----- INFORMATION PROVIDED

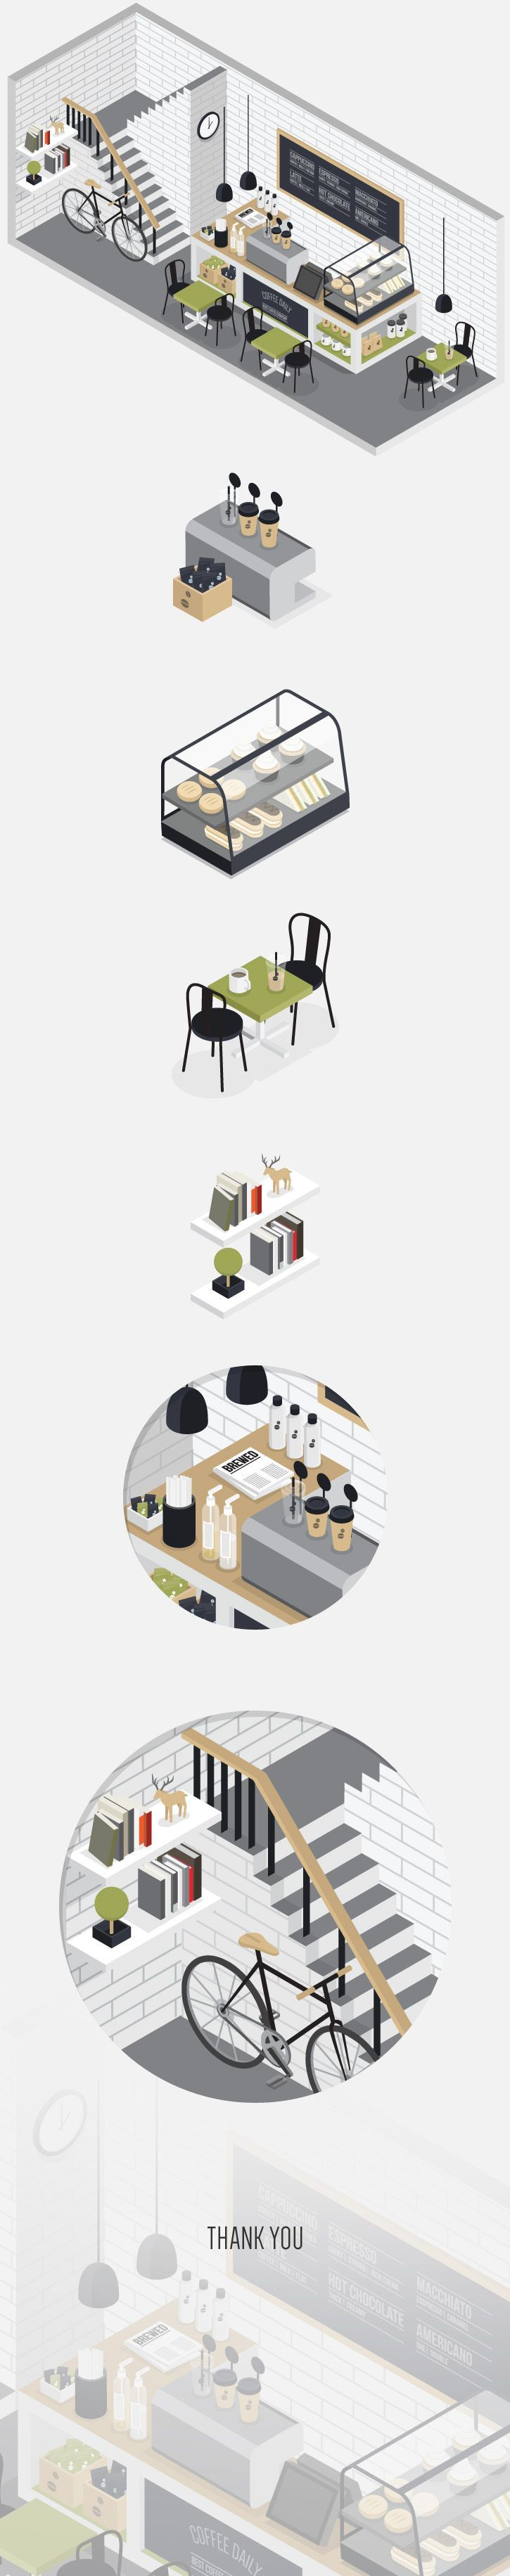 #flat #illustration https://m1.behance.net/profiles9/1129901/projects/13804137/301a5c3c960c66e3c22741cf79b4c9e2.jpg
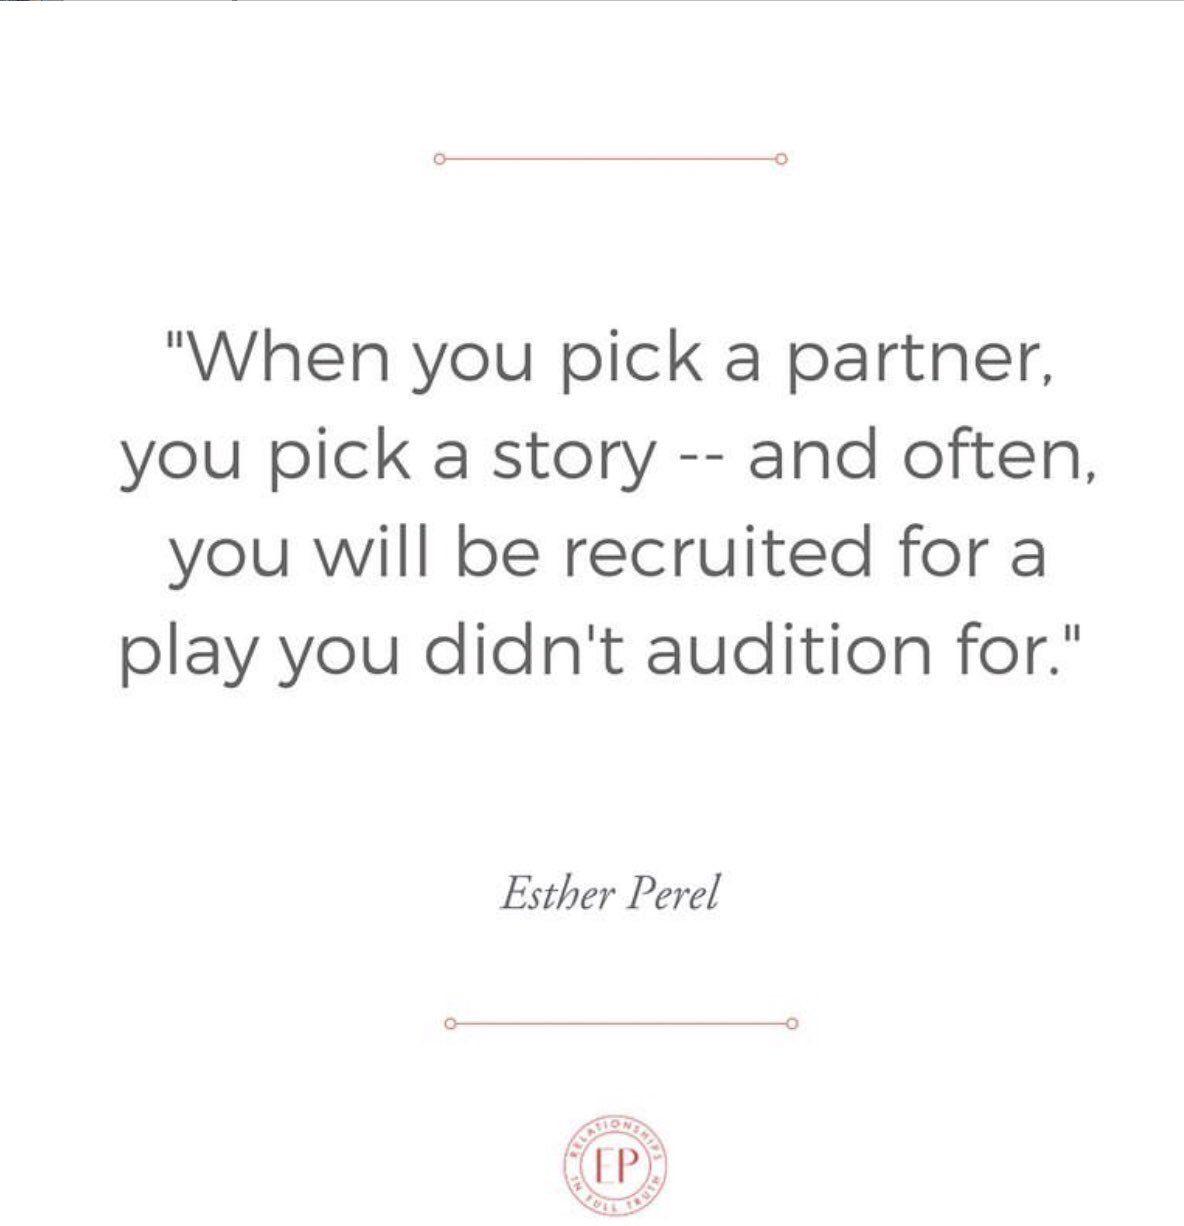 Esther perel quotes
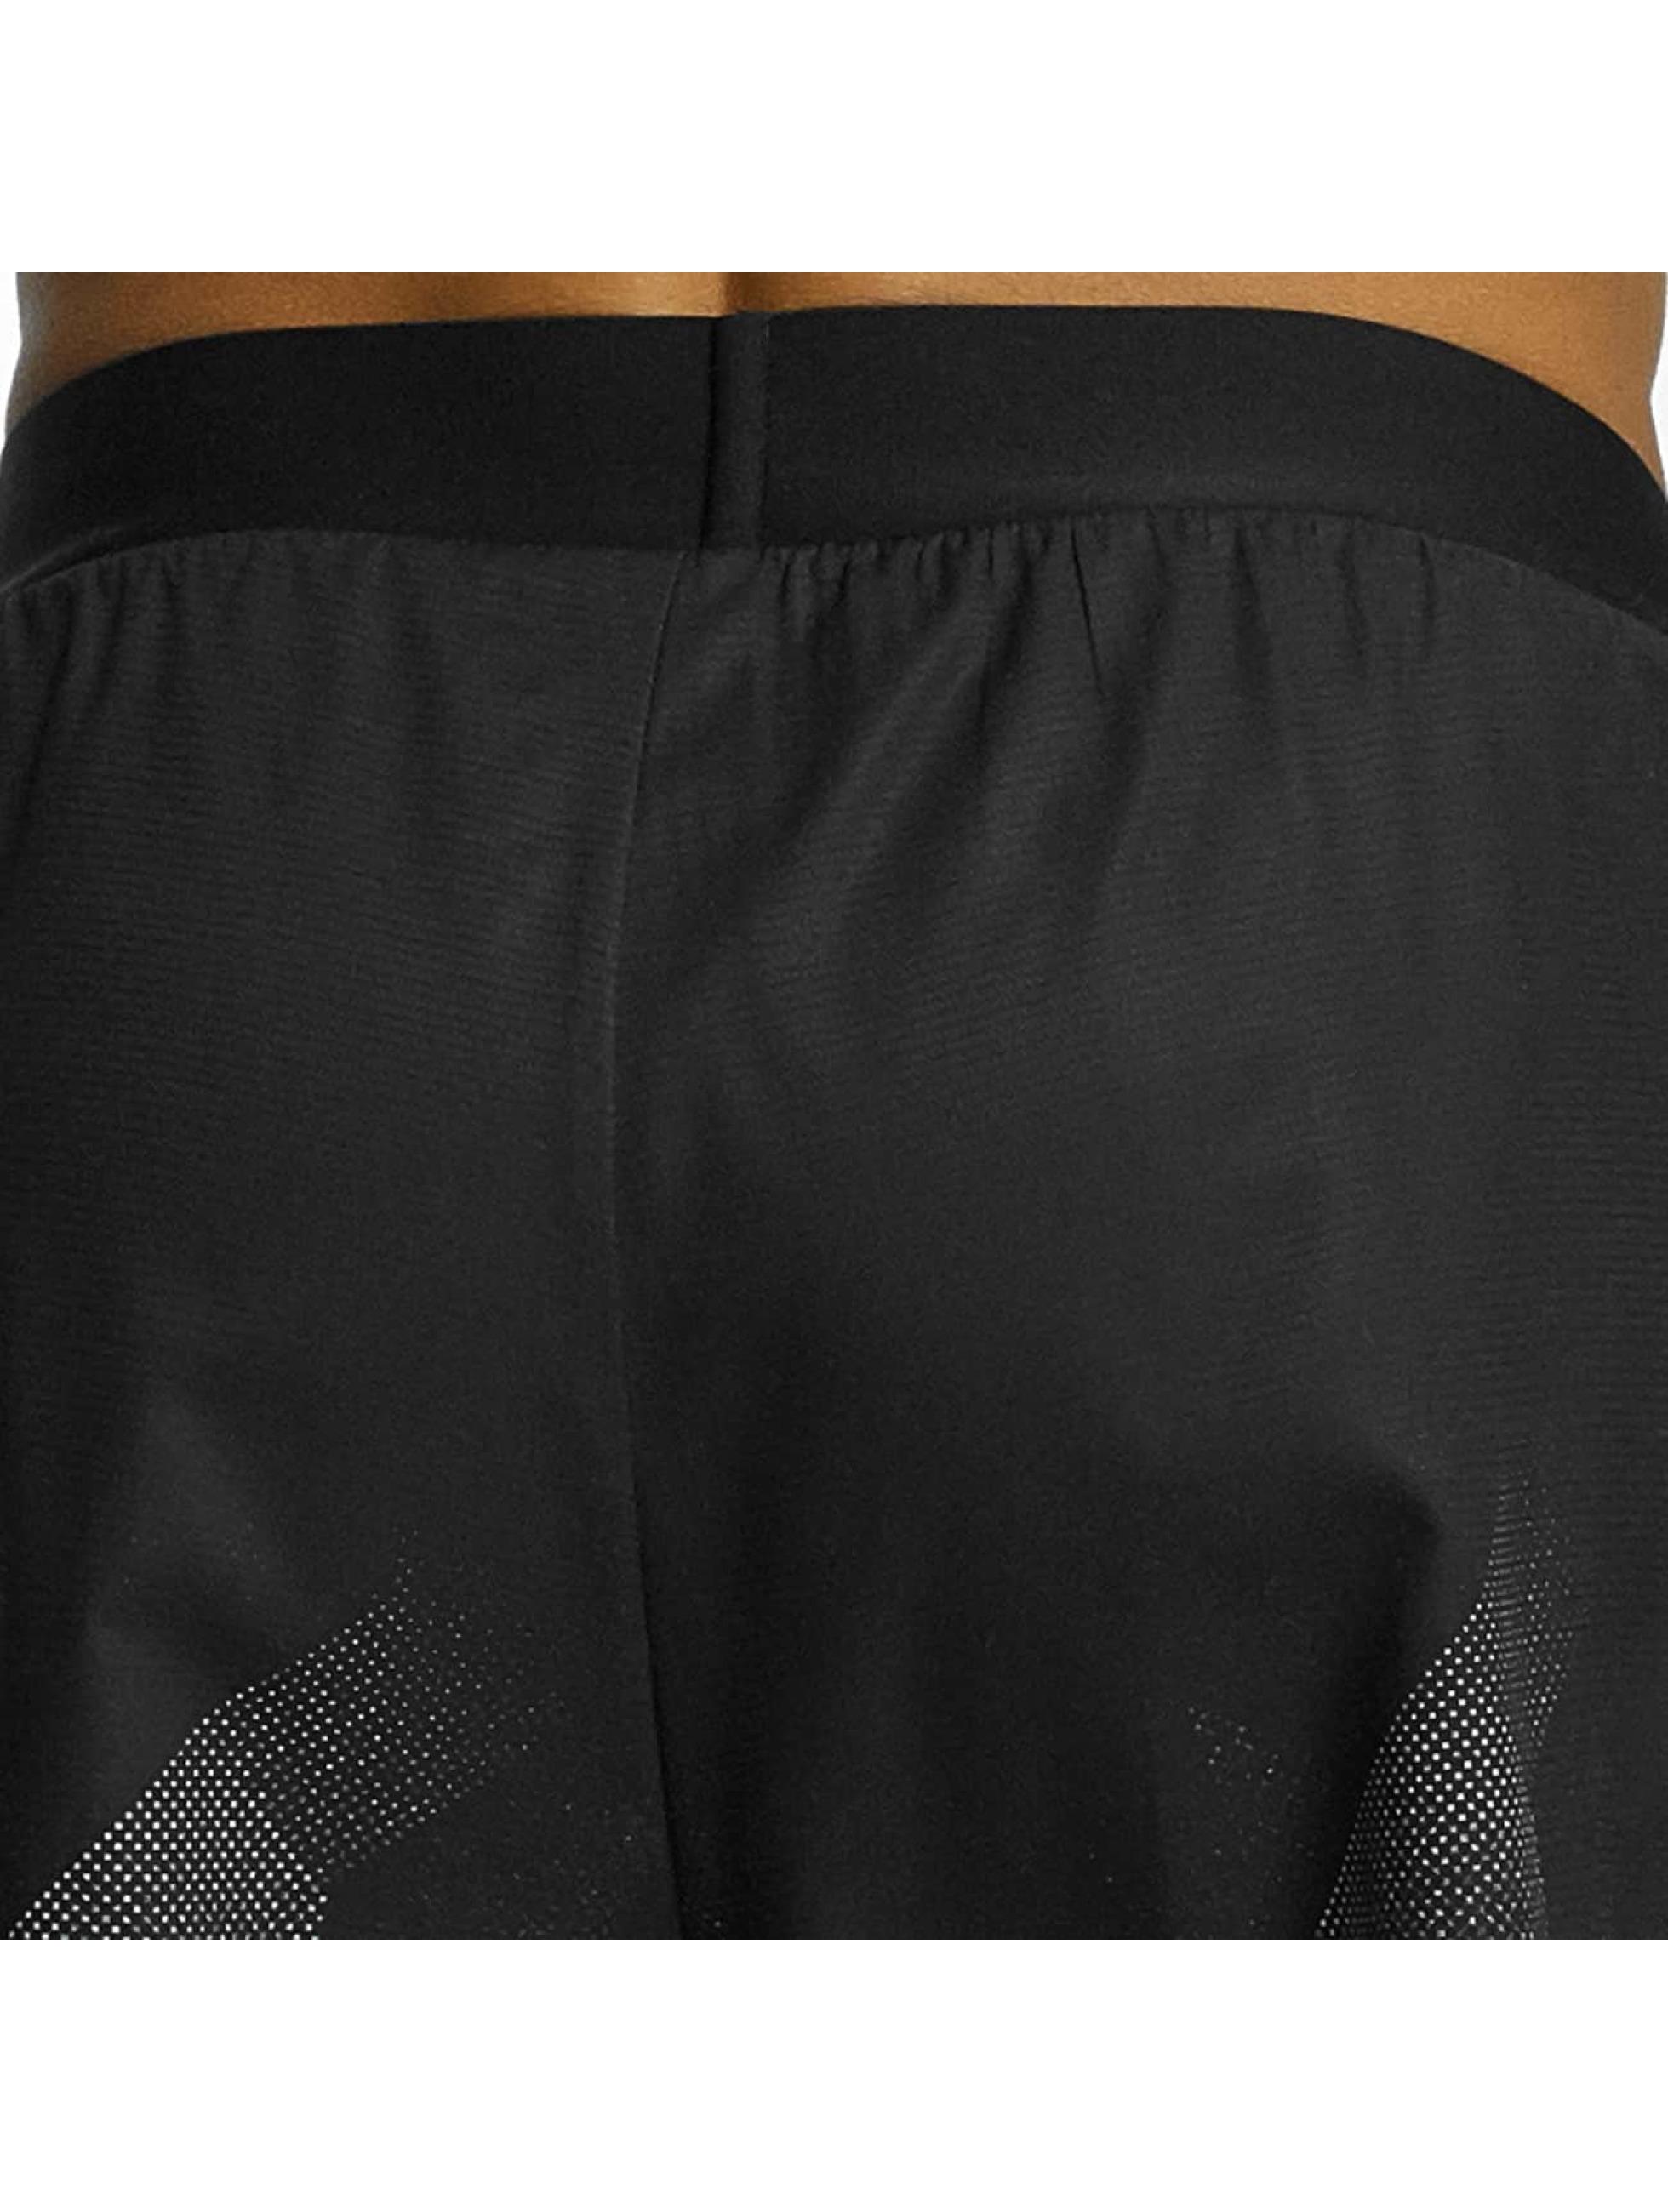 adidas Performance Shortsit Tango Future Graphic musta

----------

• _WORK TO BE COMPLETED_:
For this exercise, reproduce the data above exactly from the line containing "Esther perel quotes" through its final line, both ends included, with no pictures in the copy.

• _REPLY TO THE TASK_:
 Esther perel quotes
 adidas Performance Shortsit Tango Future Graphic musta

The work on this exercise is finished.